ACTIVITY
Without any pictures, retype exactly the lines that begin at the one holding "Decorative Ceramic Container Jar with Lid" and end at the last line of the data below.

DATA BLOCK
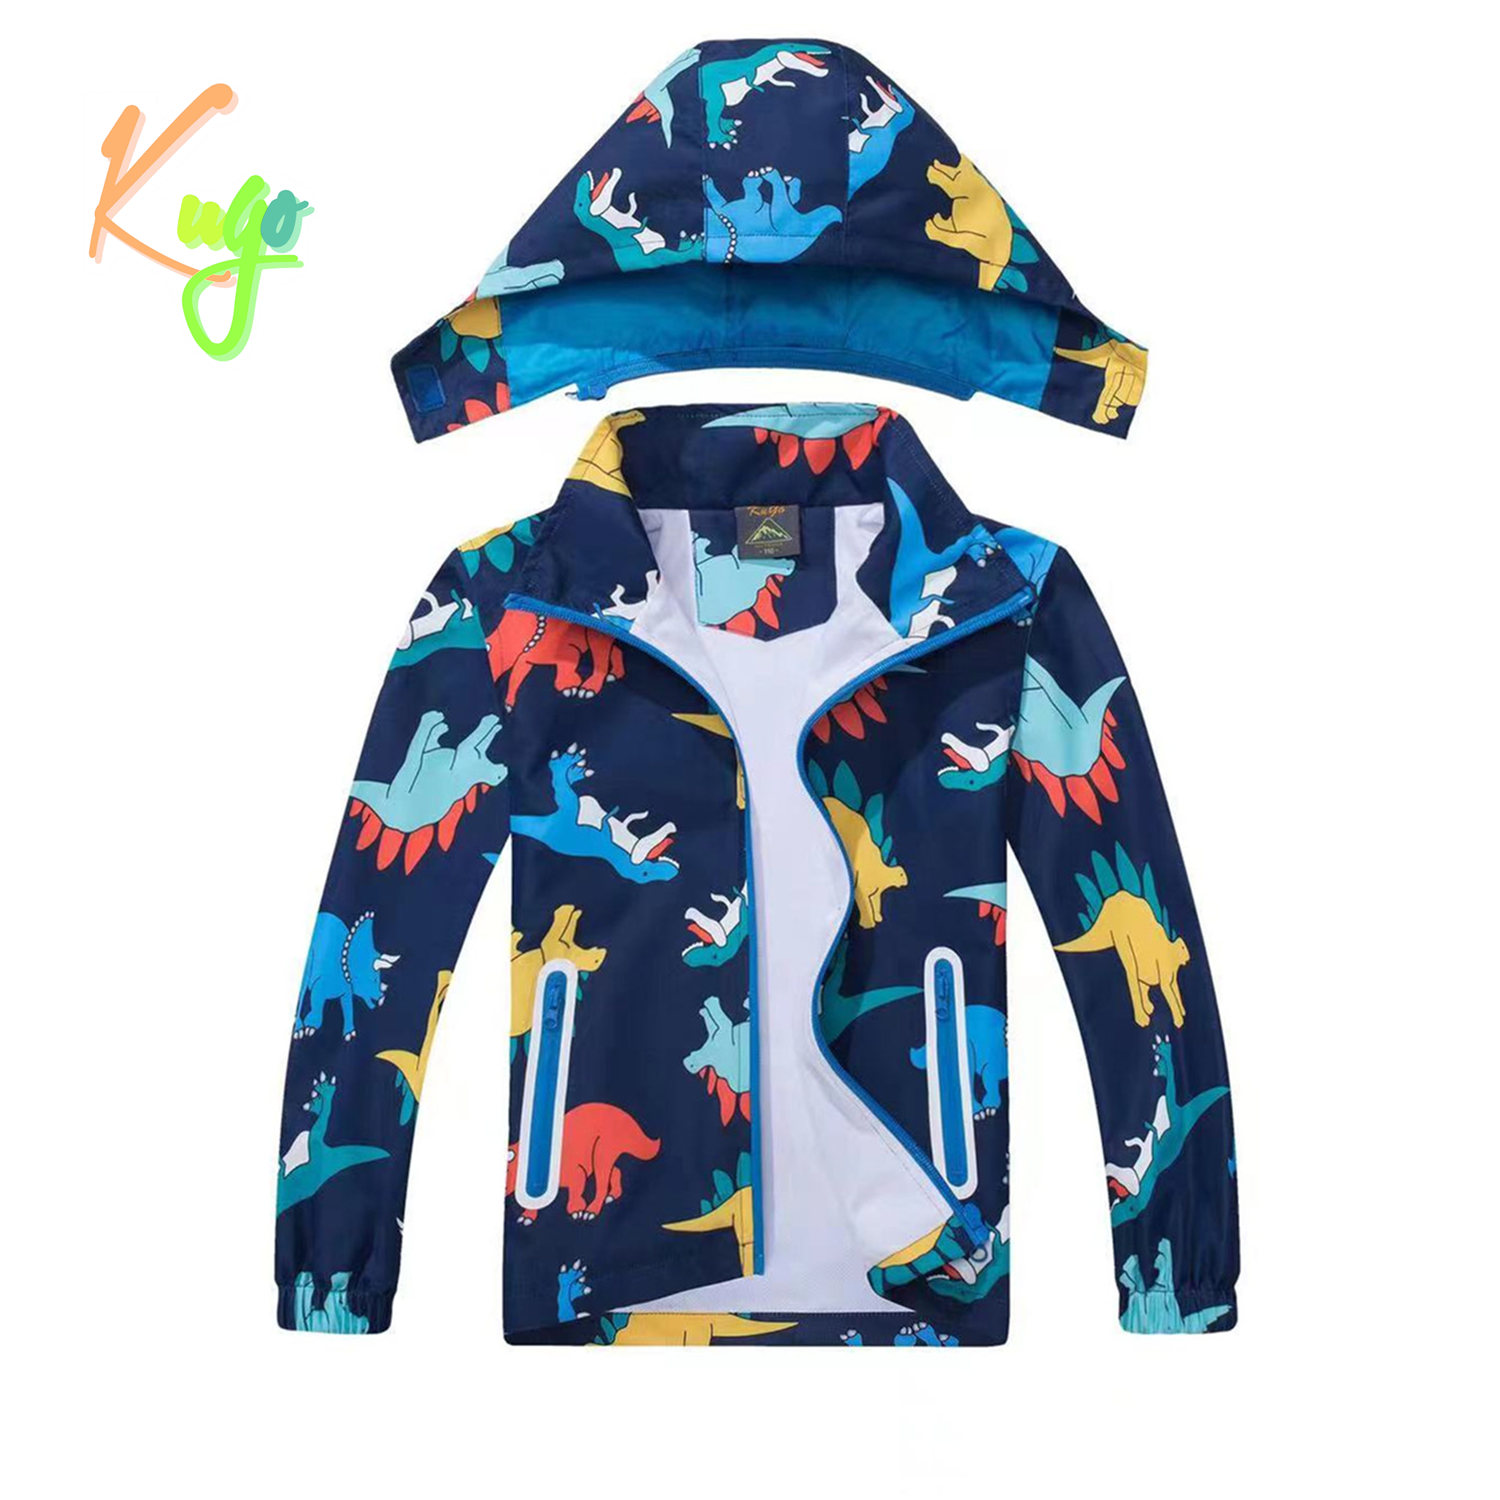 Chlapecká jarní, podzimní bunda - KUGO B2849, tmavě modrá / dinosaurus Barva: Modrá tmavě, Velikost: 110
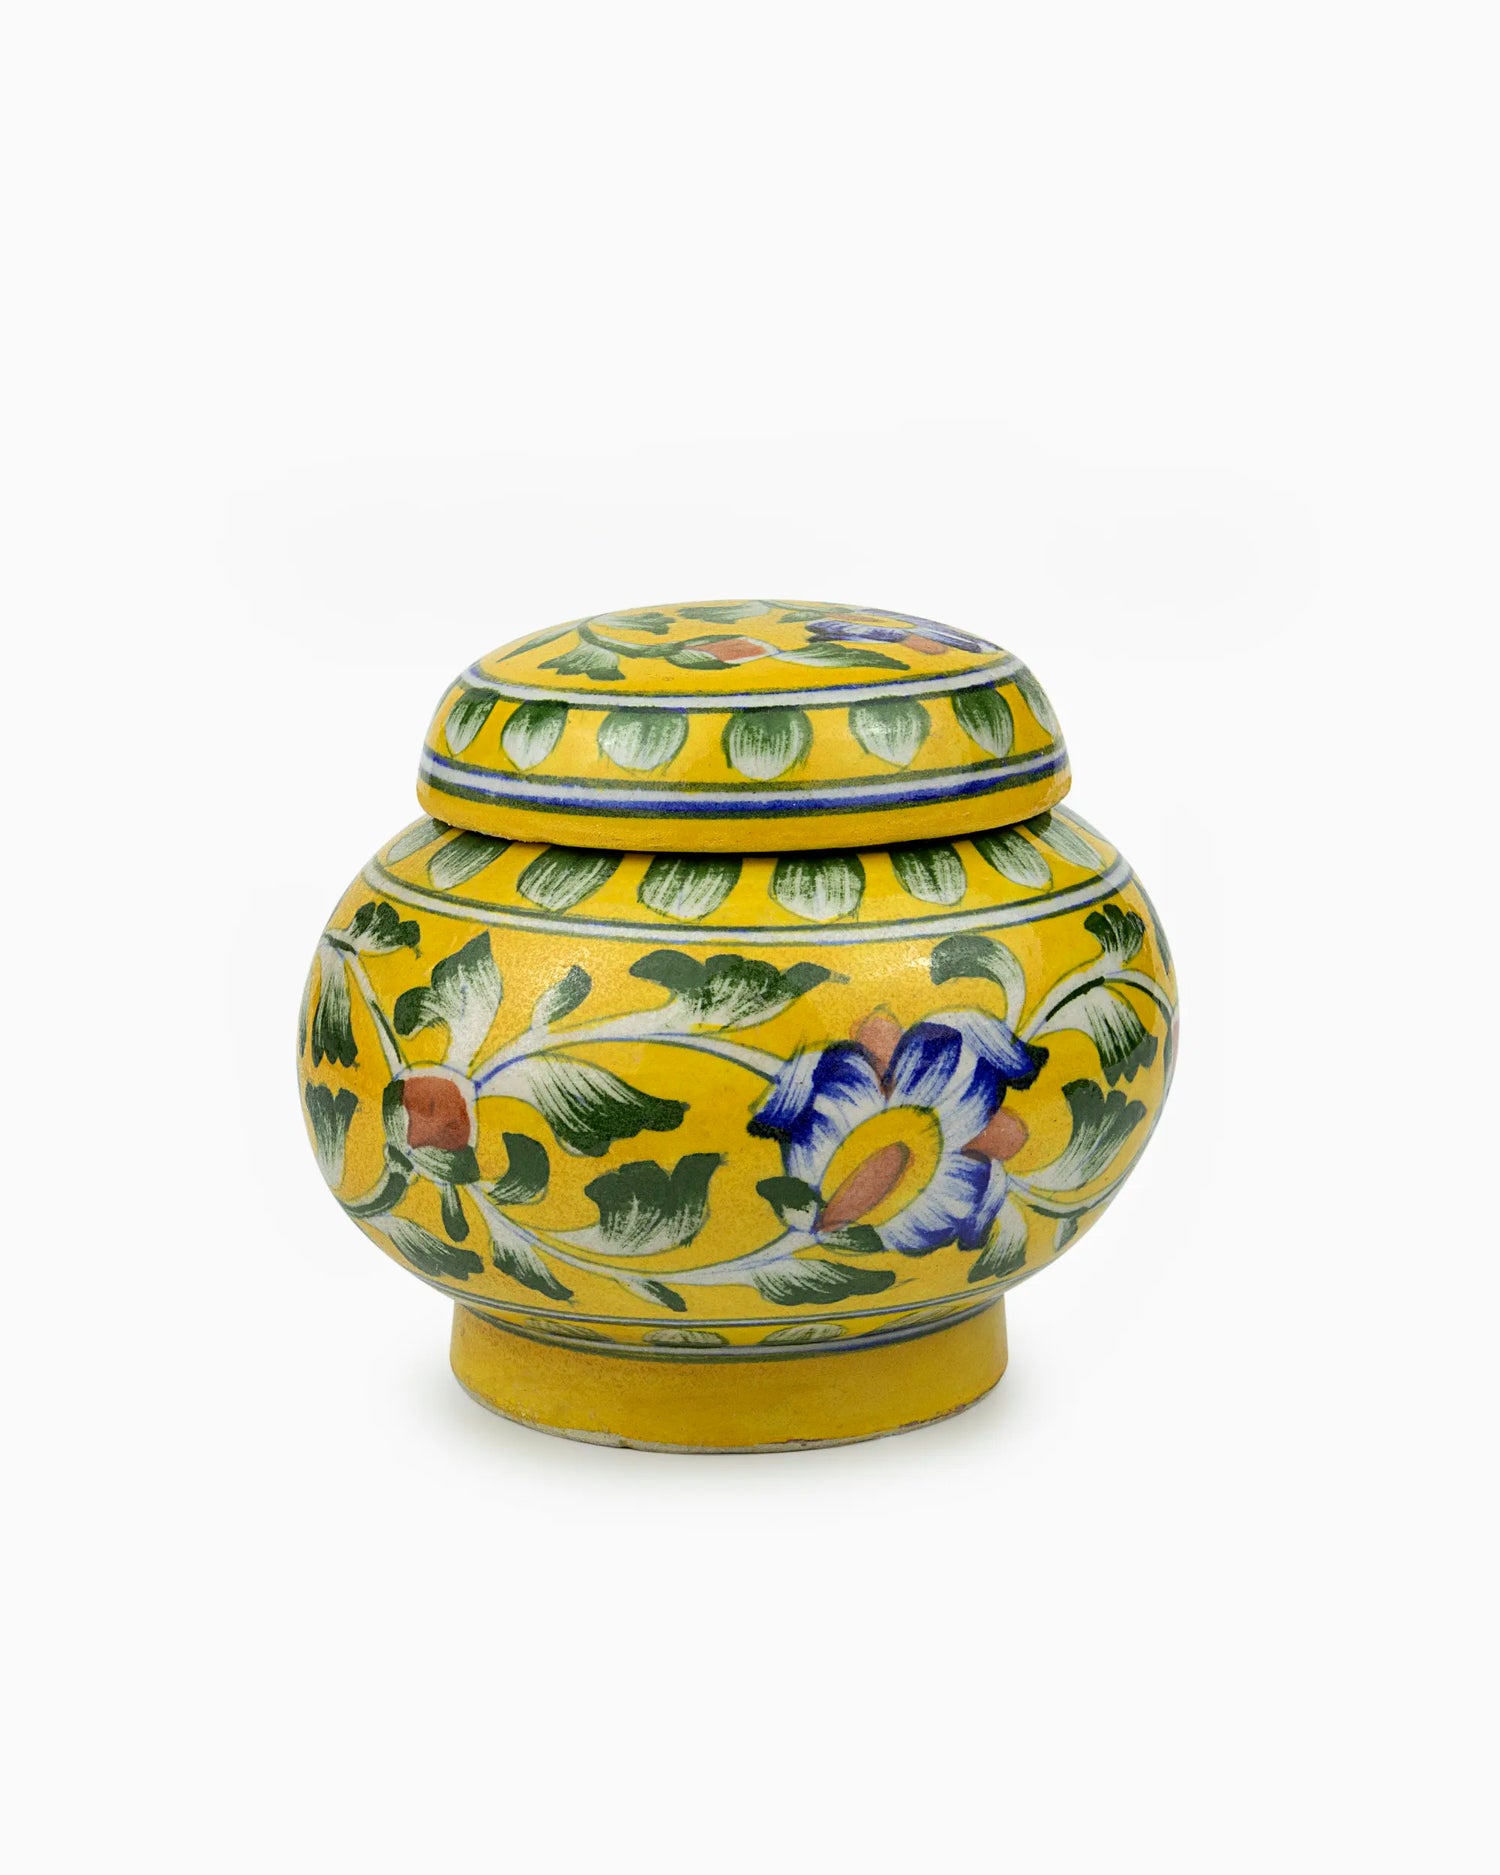 Decorative Ceramic Container Jar with Lid
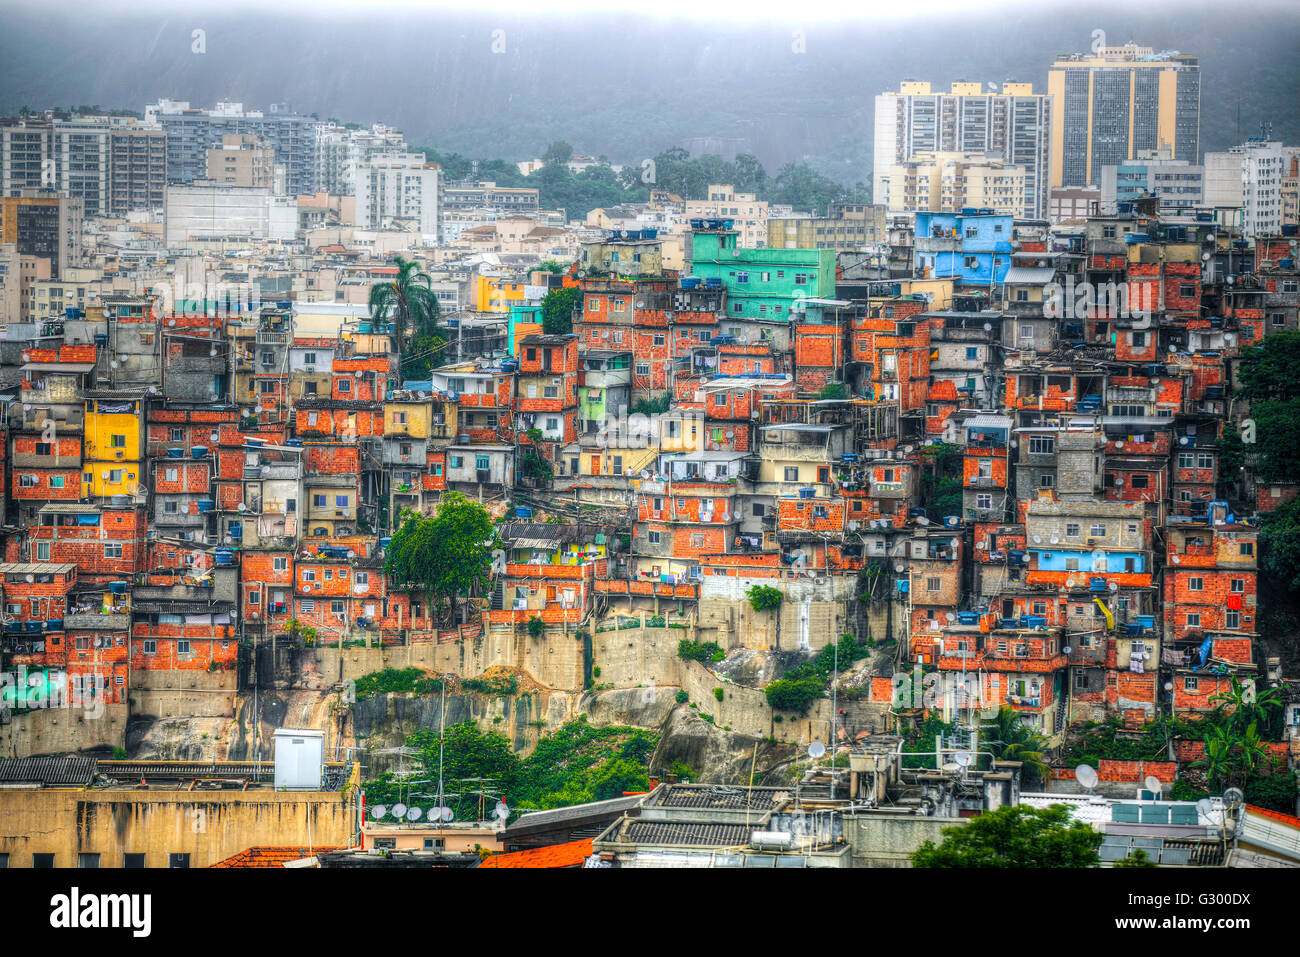 Des bâtiments colorés favela de Rio de Janeiro Brésil Banque D'Images
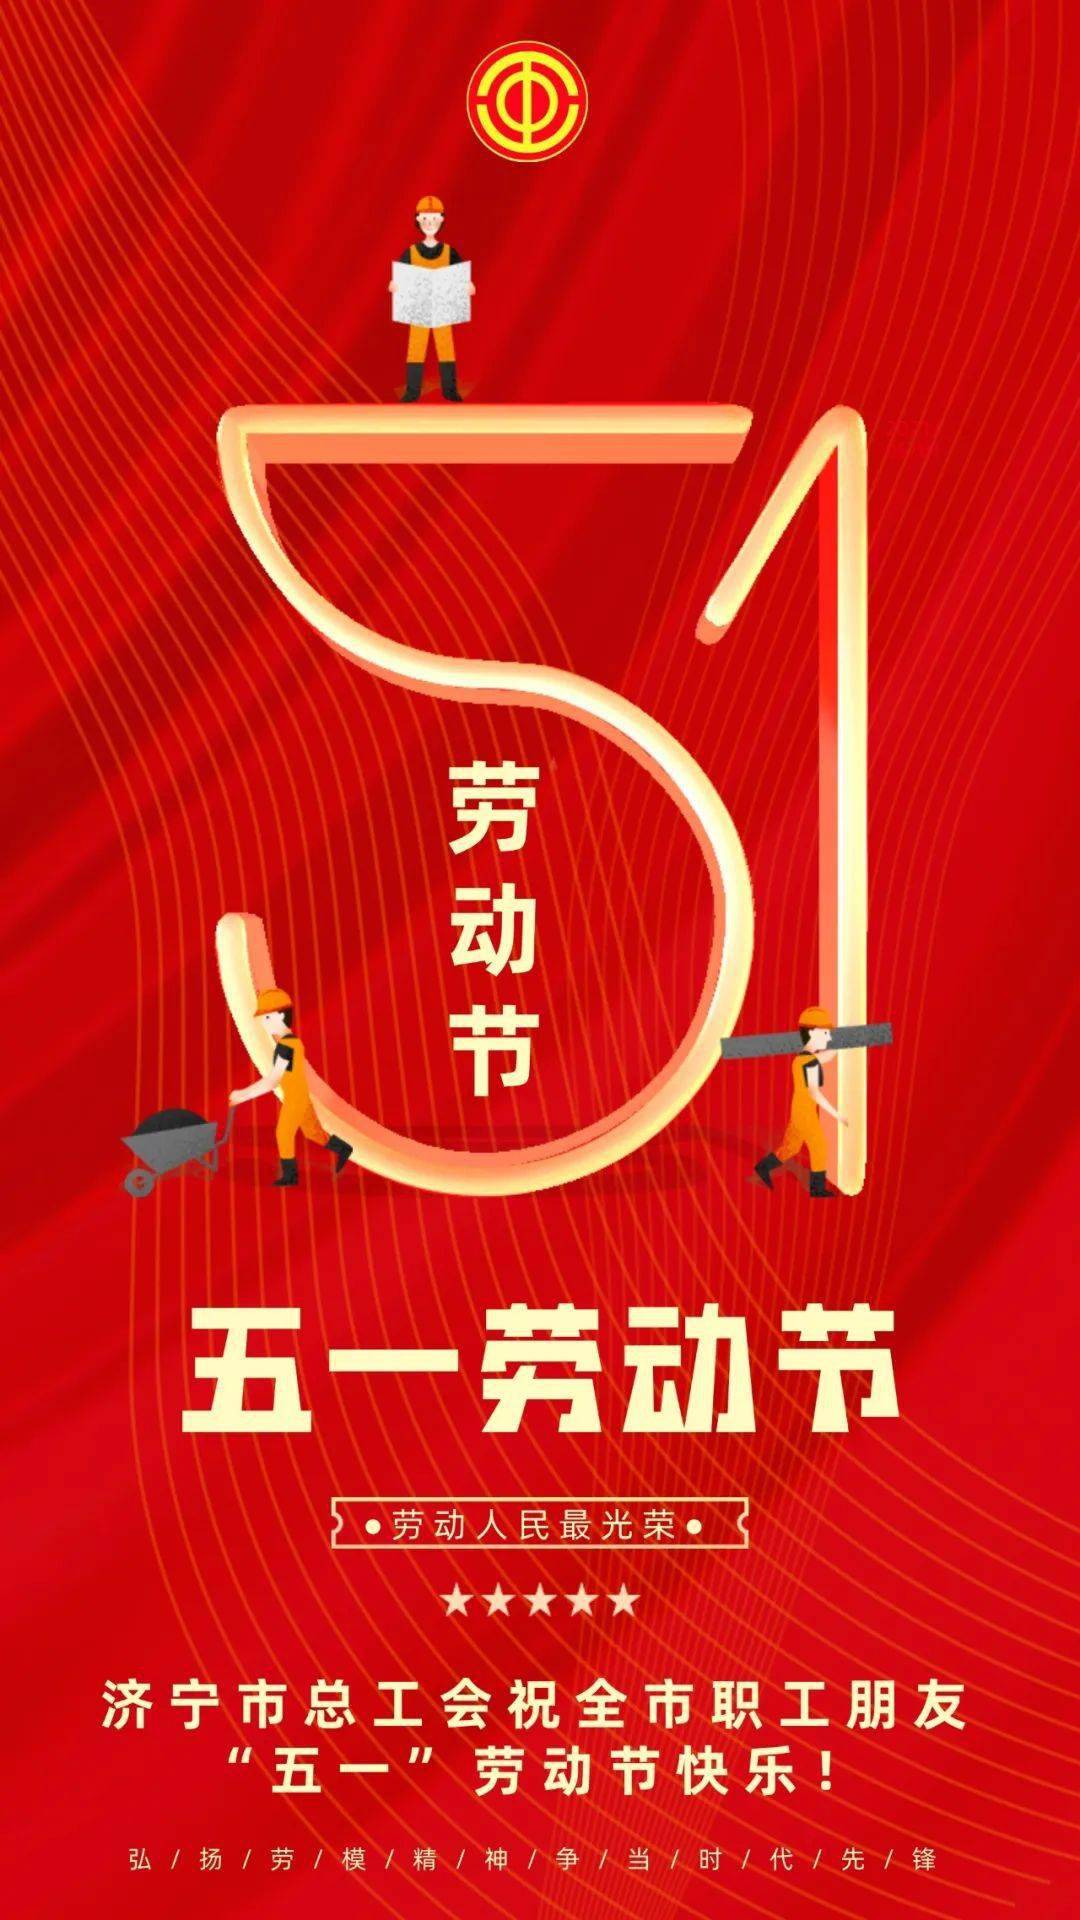 致敬劳动者|济宁市总工会祝全市职工朋友"五一"劳动节快乐!

ANSWER TO THIS PROBLEM
 Decorative Ceramic Container Jar with Lid
 Des bâtiments colorés favela de Rio de Janeiro Brésil Banque D'Images
 致敬劳动者|济宁市总工会祝全市职工朋友"五一"劳动节快乐!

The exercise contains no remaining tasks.